(Exercise directions) All lines below must be repeated exactly, with the pictures omitted.

(Data)
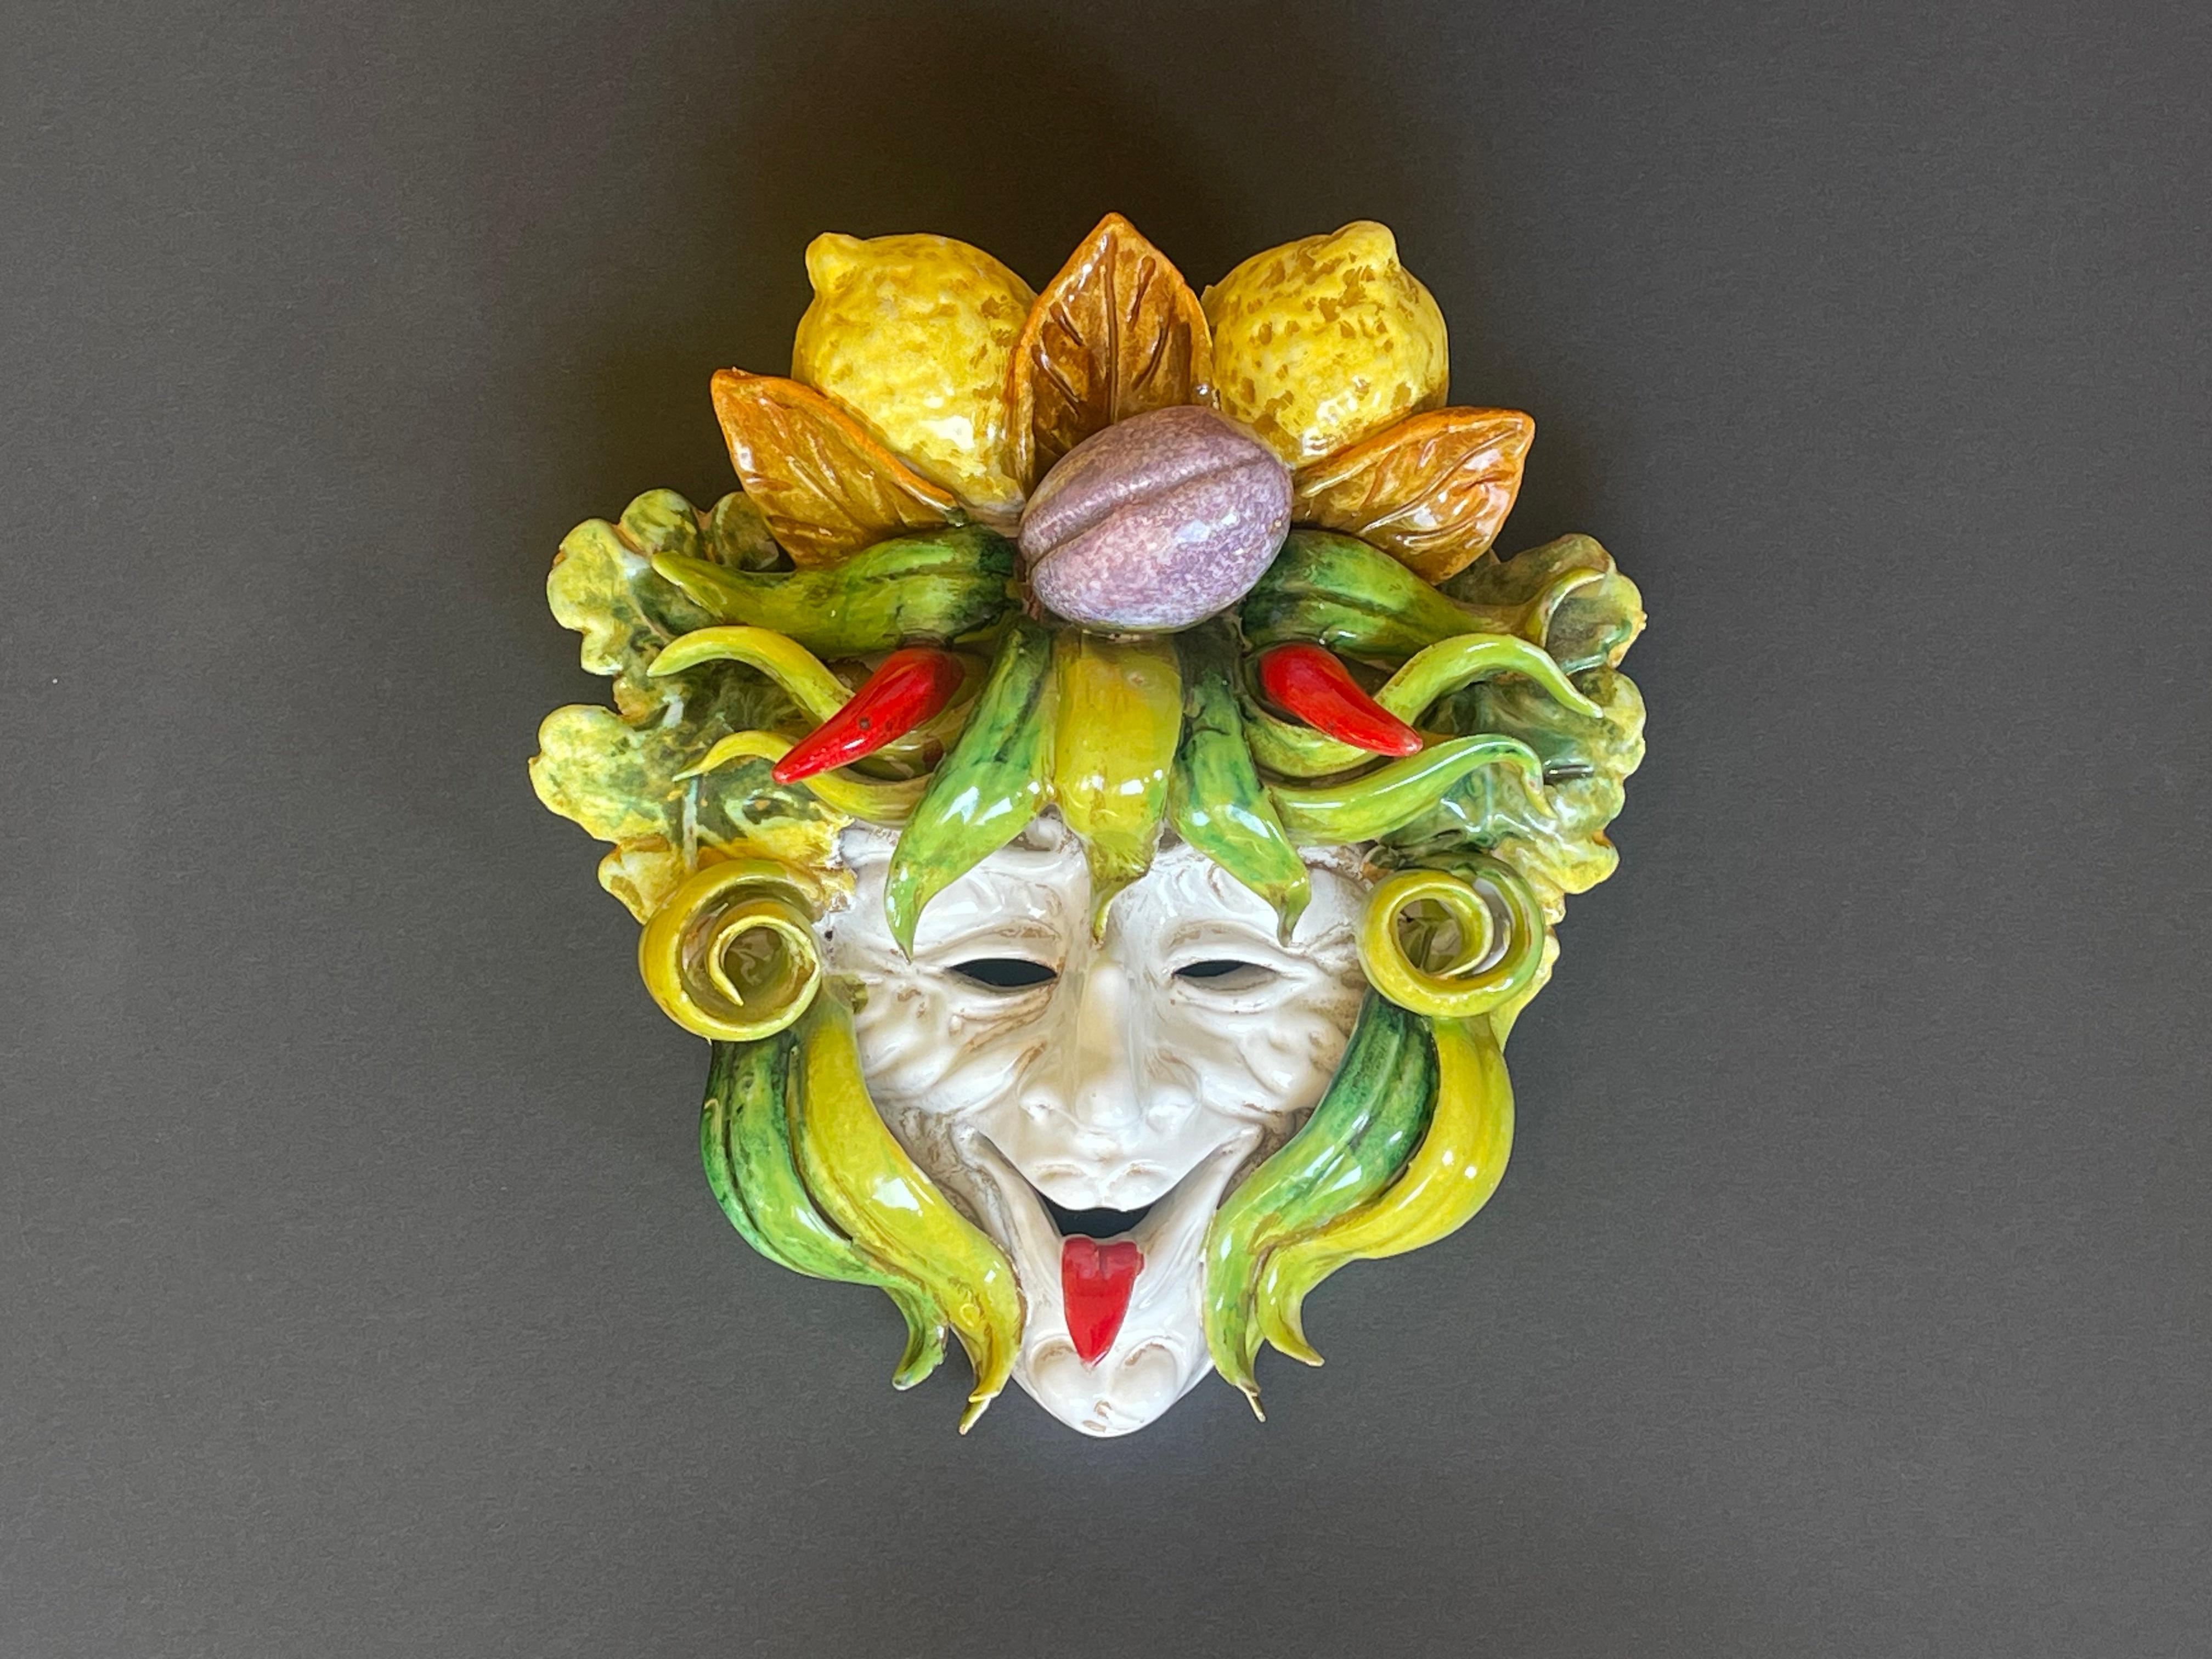 Absolutely impressive Bacchus in the shape of a jester carrying a full bounty of the harvest on his head:
there is fiery red pepperoni placed as horns, a juicy plum, lemons and plenty of lettuce and green vines.
Splendidly crafted Majolika ceramic

(Response area)
 Absolutely impressive Bacchus in the shape of a jester carrying a full bounty of the harvest on his head:
there is fiery red pepperoni placed as horns, a juicy plum, lemons and plenty of lettuce and green vines.
Splendidly crafted Majolika ceramic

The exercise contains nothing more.